I probably perpetuate the myth myself, when I defend the men who patronize strip clubs or escorts. I say they are lonely. I say they have trouble talking to women. I say they are physically unattractive and wouldn't get the kind of attention anywhere else that they are seeking. I say they are disabled but have needs too. Needs that aren't being met.
All of these descriptions reduce the sex industry customer to some feeble-minded, outcast who cannot get himself laid. But this is one myth of the sex industry customer.
Another myth is the one perpetuated by abolitionists. They say that our customers are woman-haters, abusers, sexually-depraved, perpetrators of violence, rapists. This is not true either.
The sex industry customer is neither a victim or an abuser.
A sex industry customer is a married man who gets a sex worker to tickle his balls while he masturbates, because he's too scared to ask his wife. This is his boundary. He will not have any other contact with the escort.
The sex industry customer is a man who wants to try sex with a butt plug. How many guys out there would be comfortable asking their wives to try a butt plug on them? However, anal penetration can be extremely pleasurable for both women and men.
As an exotic dancer, I found that one of my most oft-used skills was the ability to get men to be comfortable with my nudity. They'd come into the private show booth with me, sit down, then become extremely uncomfortable - not sure where to look, embarrassed of their vulnerability, apologetic for "objectifying" me - if that's the crap they've been fed by the abolitionists.
I would help them feel at ease. I would smile and chat comfortably. I would say "it's okay to look at my pussy, it doesn't make me uncomfortable at all." I would say, "Relax, I love my job and I'm the one taking your money, Honey." I didn't feel objectified. I felt in control of my surroundings, my income earning potential, and my body. I also felt in control of my customer. My job was to help him accept his own desires and not judge him for it.
An escort I know tells me there's a market for older women. And it makes sense. While one older man may want a young, hard-body for his money's worth, another would feel absolutely silly making love to a 30-year-old. He wants the fine company of a woman his own age.
How about the war veteran who paid an escort to share his war stories with her. They never had sex. He was monogamous. But he needed to talk about things that he would never dream of sharing with his wife. He found comfort in the reassuring "Hmm's" and "Ahh's" whispered by the escort while he divulged haunting wartime atrocities over dinner in a fancy restaurant.

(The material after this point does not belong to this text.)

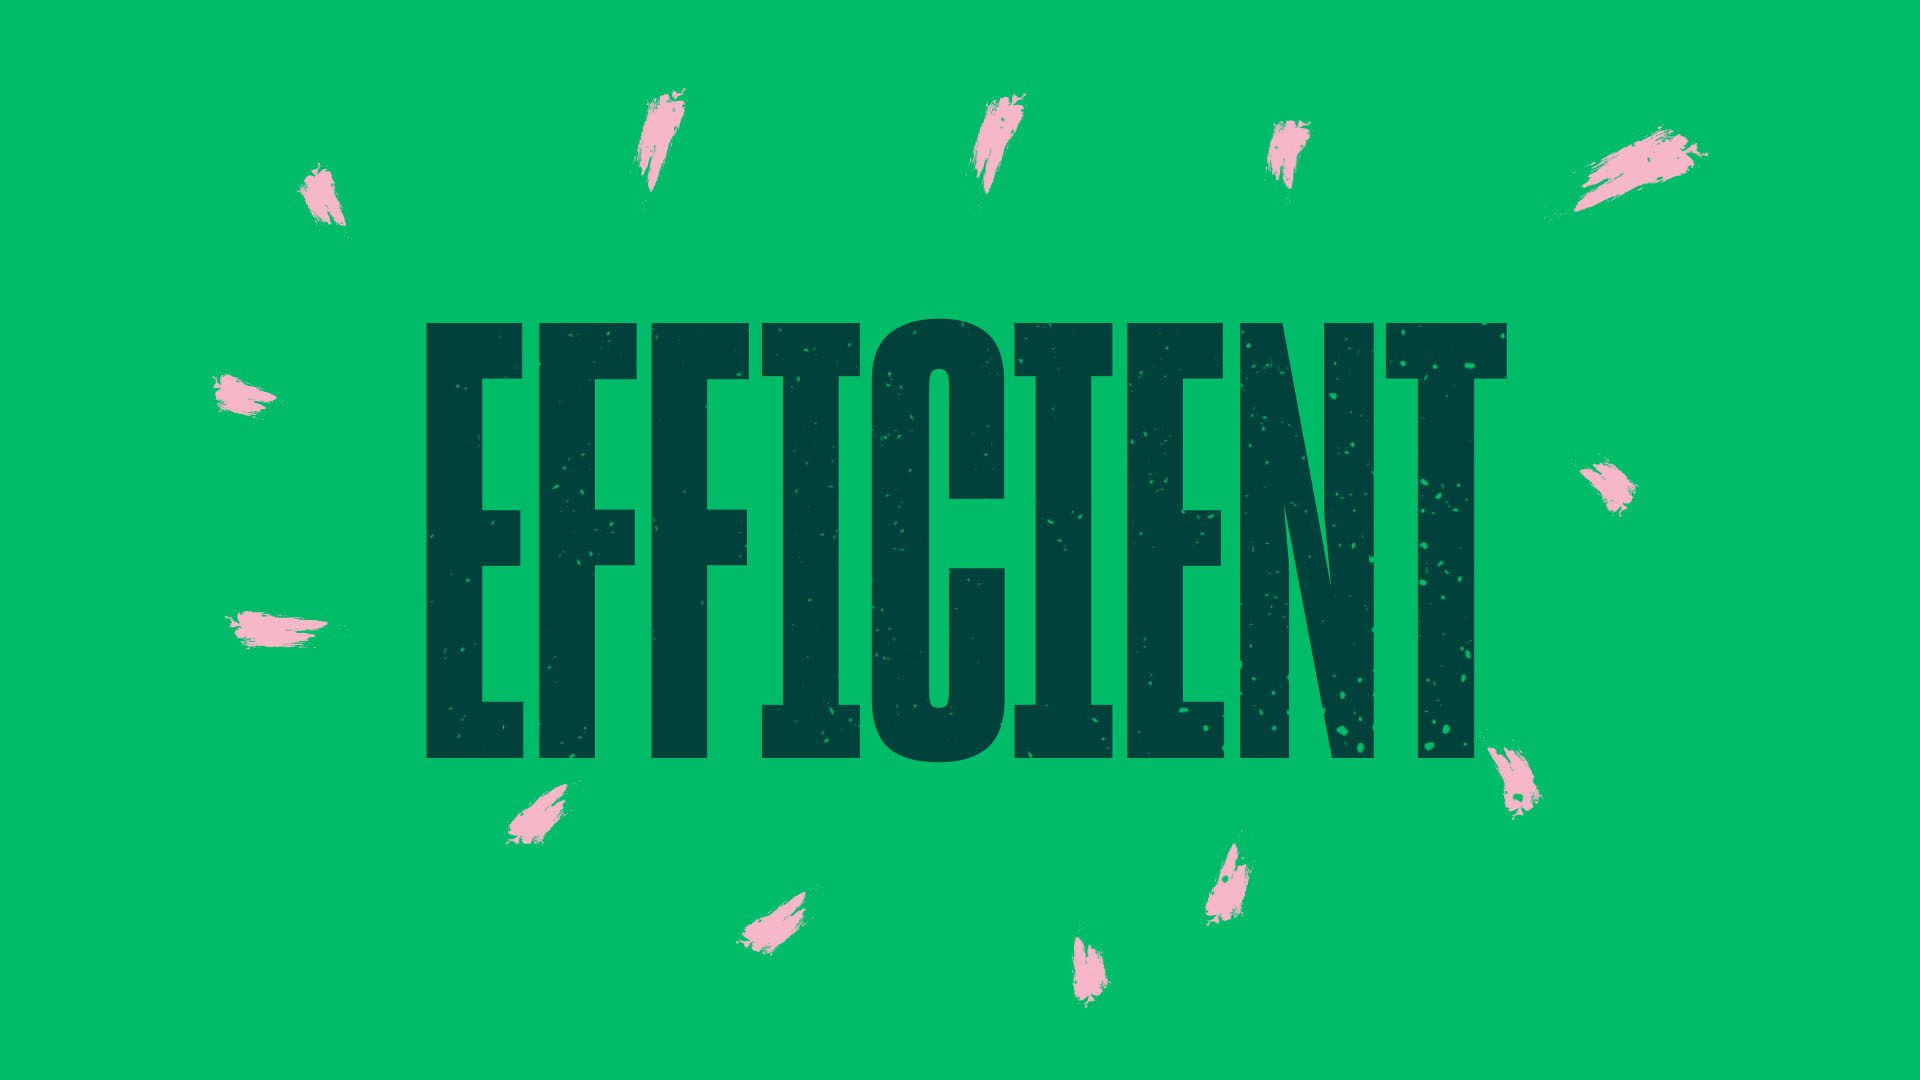 kinetic typography animation london efficient

Let's not forget the age old tradition of paying an escort to take a man's virginity. The practice is more common than you might think.
So what kind of man pays to watch a woman dance naked in front of him? What kind of man pays for sex?
Well the truth is, he could be any kind of man. Combine the circumstances of life with the very real, very natural need of men to be physically comforted via fantasy or reality, and you've got a booming sex industry.
On a personal note, if I wasn't having sex with my husband, I would rather he paid a professional than went out and found a replacement.
So the obviousconclusion is that sex industry customers are neither victims or abusers. They are consumers responding logically to a physical need by using the services of a professional. And there ain't no shame in that.